Educação quilombola e o protagonismo feminino

  1. Implantar a Educação Escolar Quilombola em todas as modalidades de ensino, levando em conta às Diretrizes Nacionais e a diversidade cultural da própria comunidade.
  2. Que os estados e municípios implantem em seu projeto de lei o cargo professor quilombola, da própria comunidade.
  3. Que o INCRA através do PRONERA atenda as demandas específicas dos quilombolas, priorizando territórios em fase de reconhecimento, em diálogo com lideranças estaduais e locais, durante todo processo de elaboração dos projetos, como forma de garantir que a juventude e mulheres quilombolas permaneçam em seus territórios.
  4. Criação do Comitê de educação quilombola onde se discutam as propostas curriculares.
  5. Seminários estaduais para professores quilombola com debate e formulação de propostas voltadas para inclusão de jovens.
  6. Promoção de atividades de formação para jovens quilombolas dentro da comunidade com música, dança, estética negra, formação política, capoeira,e outros.
  7. Capacitação para gestores da educação que atuam com comunidades quilombolas.
  8. Maior acesso à informação sobre políticas publicas.
  9. Que tenhamos uma licenciatura adaptada à realidade quilombola para professores.
  10. A alimentação das escolas quilombolas deve ser conforme determinam as Diretrizes.
  11. Cumprimento da Lei 12.960/13 – MEC, que impede o fechamento de escolas quilombolas.
  12. Intercambio entre jovens das comunidades quilombolas, para trocas de experiências.
  13. Garantir a aplicação da lei 10.639/2003 e 11.645/2008 nos estados e municípios, com medidas severas e punitivas para casos de descumprimentos das leis.

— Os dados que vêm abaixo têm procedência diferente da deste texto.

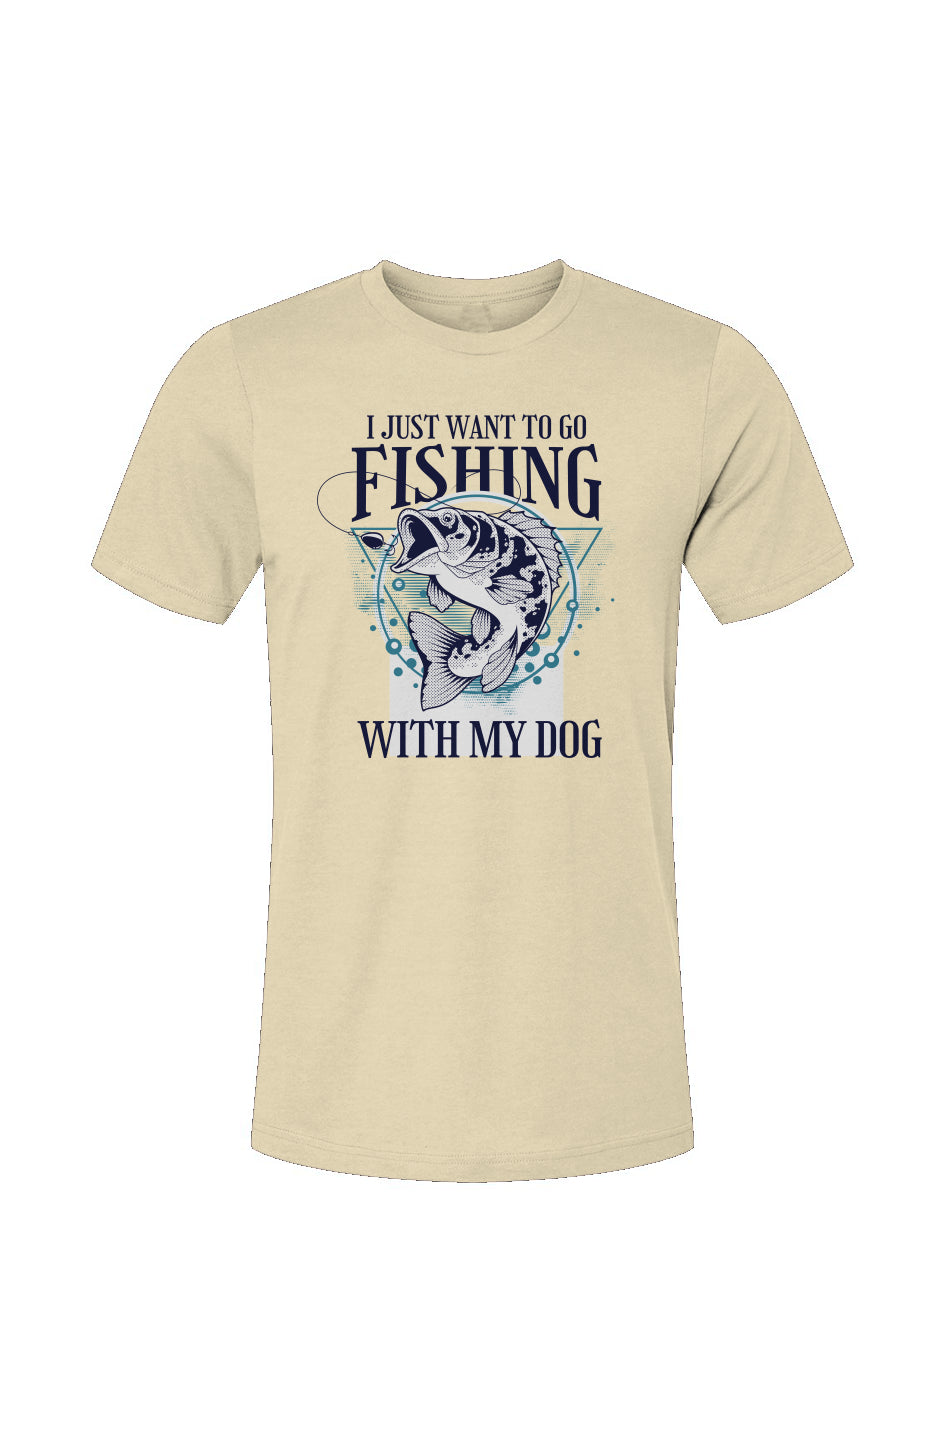 Unisex Jersey T-Shirt-Fishing

O papel de mulheres quilombolas na produção

  1. Agilizar e facilitar a emissão da DAP quilombola.
  2. Titular urgentemente os territórios quilombolas no Brasil.
  3. Garantir o efetivo funcionamento das mesas quilombolas nas Superintendências Regionais do INCRA nos estados.
  4. Garantir assento e viabilidade de participação da CONAQ no comitê do PROGRAMA DE ORGANIZAÇÃO PRODUTIVA PARA MULHERES RURAIS do MDA.
  5. Realizar chamada pública para assistência técnica e fomento, voltada para produção agrícola, artesanal e cultural de mulheres quilombolas, levando em conta a realidade diferenciada de cada comunidade quilombola.

Comments (1)

  1. Parabéns!O conteúdo da carta é revelador das diversas formas de violências a que está submetida esta população,especialmente as mulheres.Para além dos direitos que por diversas vezes é sonegado e negociado a estas comunidades o que observamos é o risco permanente e meio que intencional de extingui-las.